结论:当与P-gp/CYP3A4抑制剂同时使用时,阿哌沙班和依度沙班与较低的出血风险相关,尽管在所有OAC中没有观察到有效性的显著差异。
方法:Medline,科克伦,从开始到11月23日,系统搜索Embase的随机对照试验和队列研究,2022年评估与P-gp/CYP3A4抑制剂同时使用时OAC的安全性和有效性。主要结果是大出血和胃肠道(GI)出血。次要结果为卒中/全身性栓塞(SE),全因死亡率,任何出血以及颅内出血(ICH)。我们使用具有随机效应的成对和网络荟萃分析来估计具有95%可信区间(CI)的汇总优势比(OR)。
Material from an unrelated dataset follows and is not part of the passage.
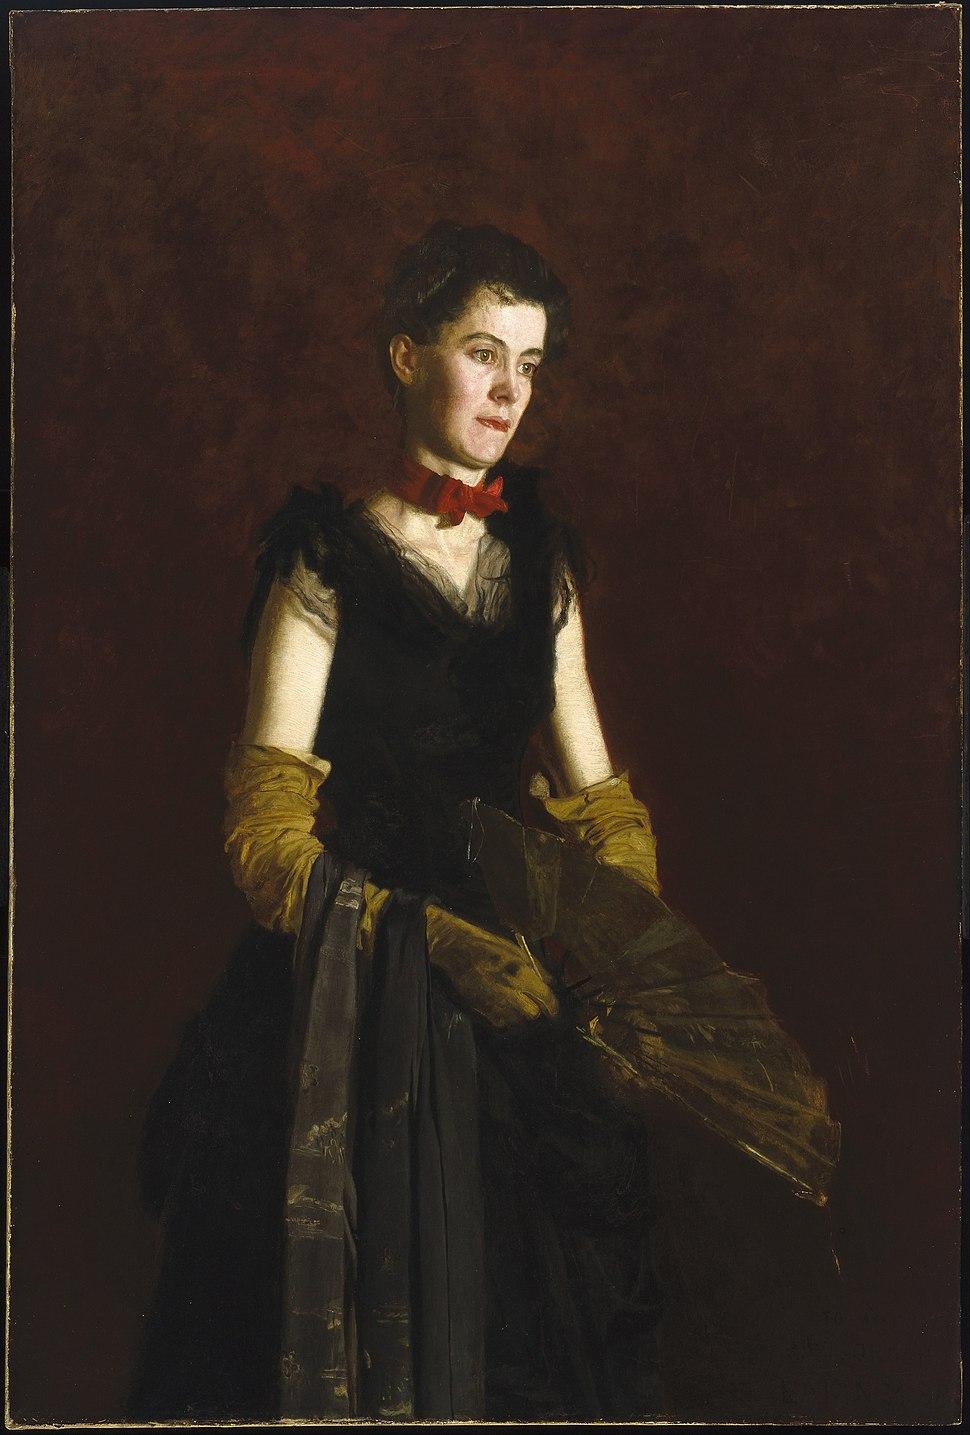 Thomas Eakins - Letitia Wilson Jordan - Google Art Project

结果:共纳入11项研究,涉及37,973名患者。当与P-pg/CYP3A4抑制剂同时使用时,网络荟萃分析表明,达比加群,阿哌沙班,与利伐沙班相比,依度沙班的大出血风险显著降低,ORs分别为0.56、0.51和0.48。与华法林相比,利伐沙班和达比加群与胃肠道出血风险显著增加相关,阿哌沙班和edoxaban.与华法林(OR分别为0.75和0.68)或利伐沙班(OR分别为0.67和0.60)相比,达比加群和阿哌沙班的出血风险显著降低。与华法林相比,阿哌沙班(OR0.32)和依度沙班(OR0.35)与ICH风险较低相关。任何OAC在卒中/SE或全因死亡率方面没有差异。
结论:当与P-gp/CYP3A4抑制剂同时使用时,阿哌沙班和依度沙班与较低的出血风险相关,尽管在所有OAC中没有观察到有效性的显著差异。